DEGARELIX ACETATE is a GnRH antagonist that works by Gonadotropin-releasing hormone (Gn RH) receptor antagonist; competitively and reversibly binds to Gn RH receptors in the anterior pituitary, rapidly suppressing luteinizing hormone (LH) and follicle-stimulating hormone (FSH) secretion, thereby reducing testosterone production.. ZEGALOGUE is a GnRH Antagonist that works by ZEGALOGUE (dasiglucagon) is a glucagon receptor agonist that increases blood glucose by activating hepatic glucagon receptors, stimulating glycogenolysis and gluconeogenesis.. They differ in pharmacokinetic profiles, FDA-approved indications, and side effect profiles.
Potency comparisons between DEGARELIX ACETATE and ZEGALOGUE depend on the specific clinical indication. These are agents from distinct pharmacological classes and are not directly interchangeable by dose. A physician or clinical pharmacist should guide any therapeutic switching decisions.

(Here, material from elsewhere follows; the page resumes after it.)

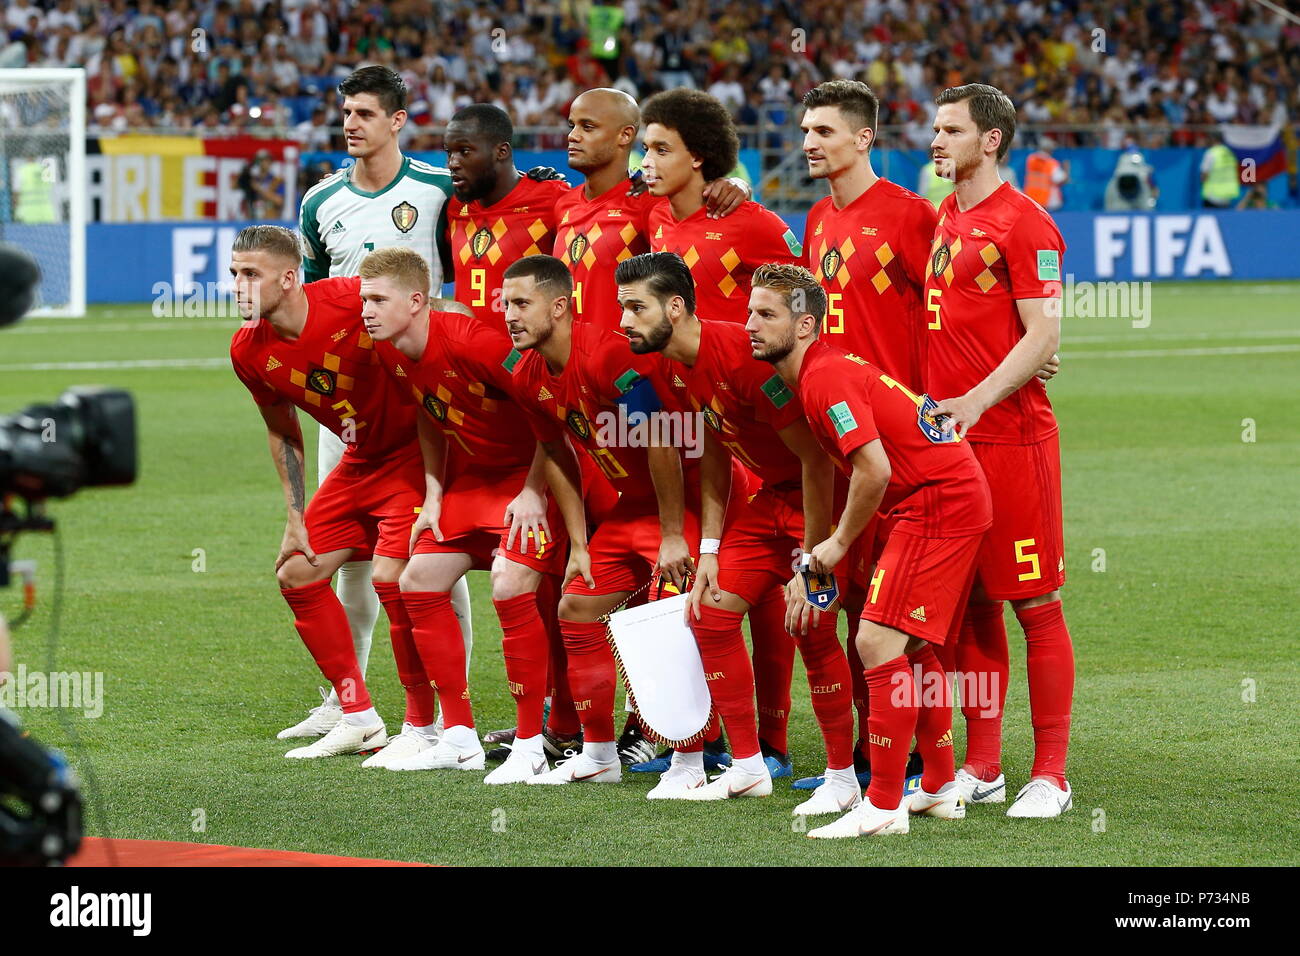 Rostov On Don, Russia. 2nd July, 2018. Belgium team group line-up (BEL) Football/Soccer : FIFA World Cup Russia 2018 match between Belgium 3-2 Japan at the Rostov Arena in Rostov On Don, Russia . Credit: Mutsu KAWAMORI/AFLO/Alamy Live News Stock Photo

The standard adult dose of DEGARELIX ACETATE is: Subcutaneous injection: 240 mg loading dose (two 120 mg injections) on day 1, followed by 80 mg every 28 days.. The standard adult dose of ZEGALOGUE is: Initial dose: 2 mg subcutaneously once daily for 2 weeks, then increase to 7 mg subcutaneously once daily. Dose may be increased to 12 mg subcutaneously once daily after 4 weeks if additional glycemic control is needed.. Dosing should always be individualized based on indication, renal and hepatic function, age, and other patient factors.

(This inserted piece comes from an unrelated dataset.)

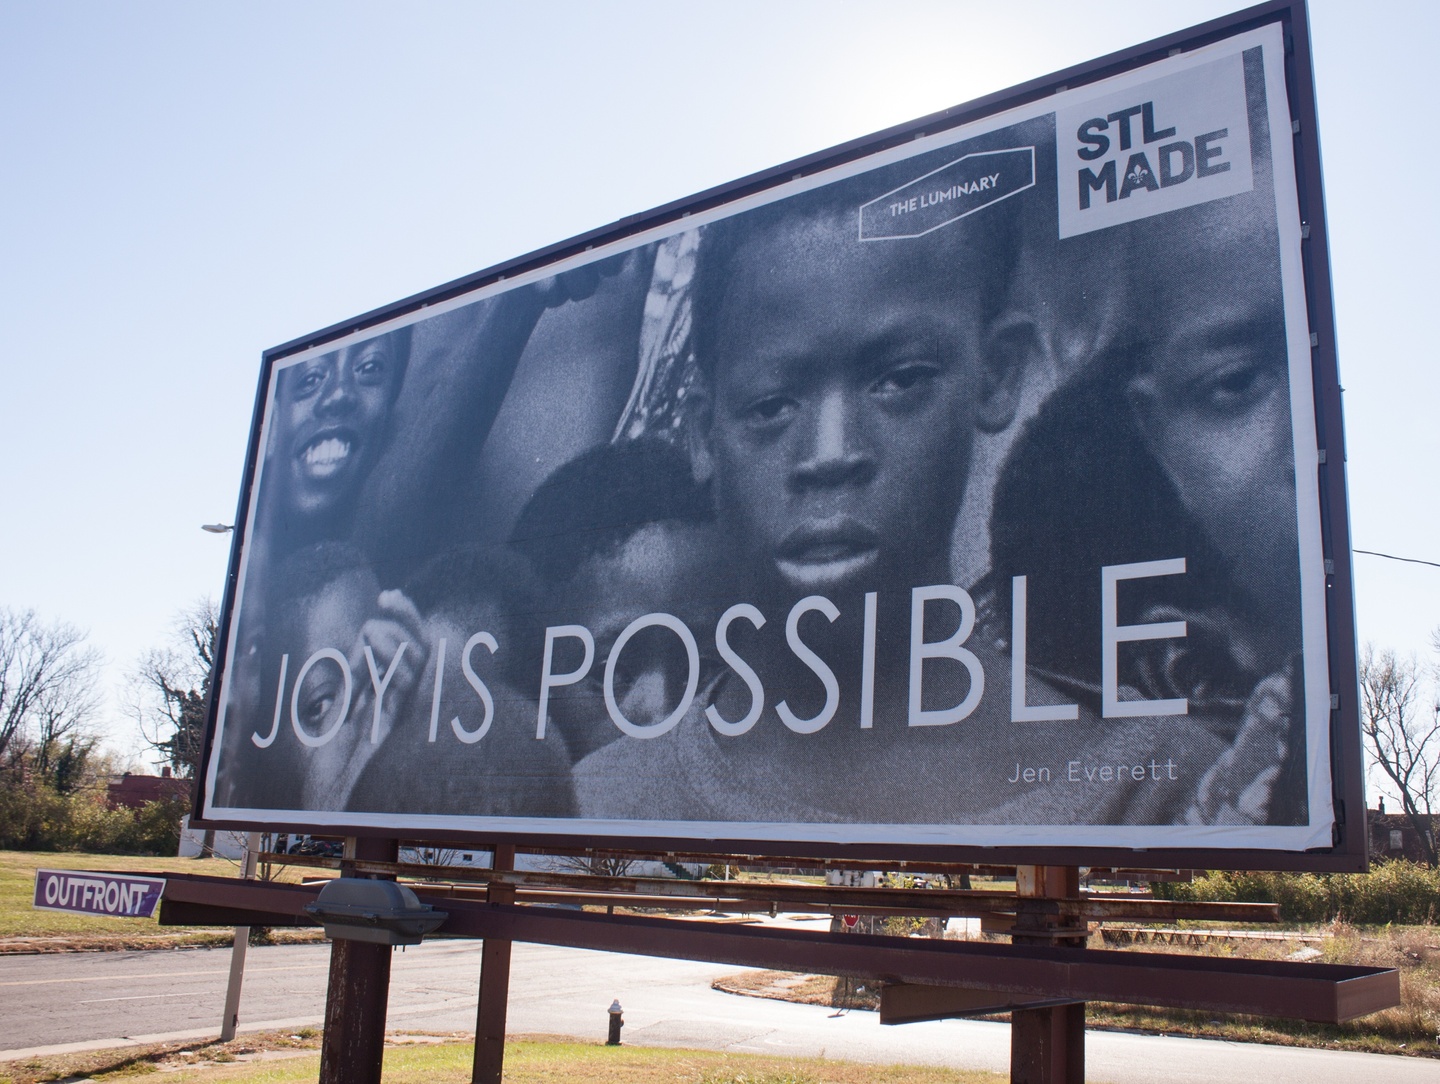 Black and white image of children with text joy is possible on billboard

No direct drug-drug interaction has been formally documented between DEGARELIX ACETATE and ZEGALOGUE in current clinical databases. However, individual patient risk factors including other medications, organ function, and comorbidities should always be evaluated by a qualified healthcare provider.

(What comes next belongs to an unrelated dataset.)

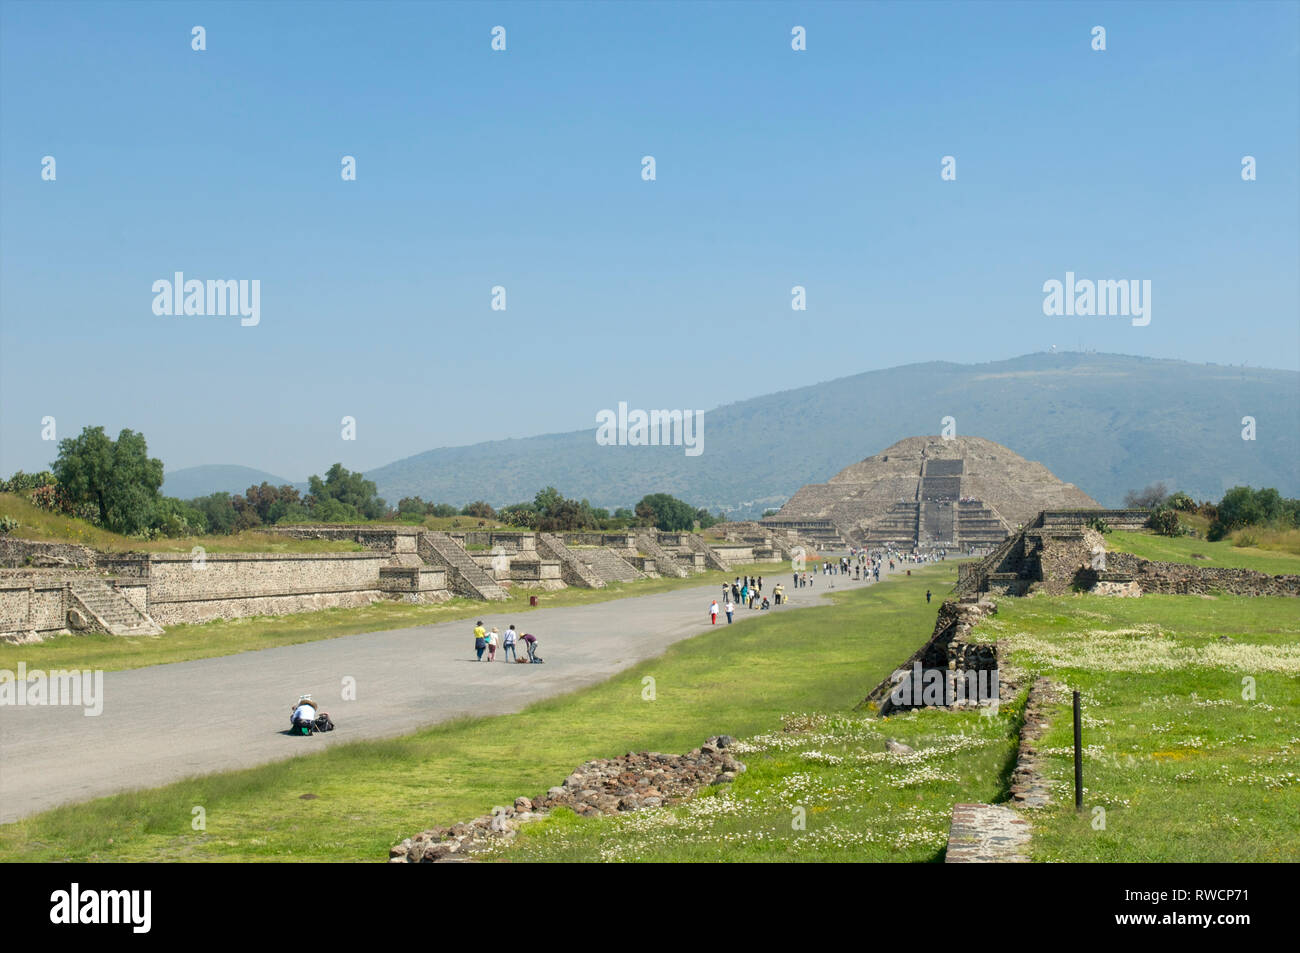 Tourists walking on Avenue of the Dead and the view of Pyramid of the Moon at Teotihuacan, Mexico Stock Photo

The maternal-fetal safety profiles differ. DEGARELIX ACETATE is classified as Category C. Category X: Contraindicated in pregnancy. First trimester: Risk of spontaneous abortion and congenital anomalies due to hormonal disruption. Second and third trimesters: Potential . ZEGALOGUE is classified as Category C. Zegalogue (dasiglucagon) is a glucagon analog for severe hypoglycemia. No human pregnancy data; animal studies show no teratogenicity at exposures up to 40 times human dose. Risk c. Always consult a maternal-fetal medicine specialist before taking either drug during pregnancy or lactation.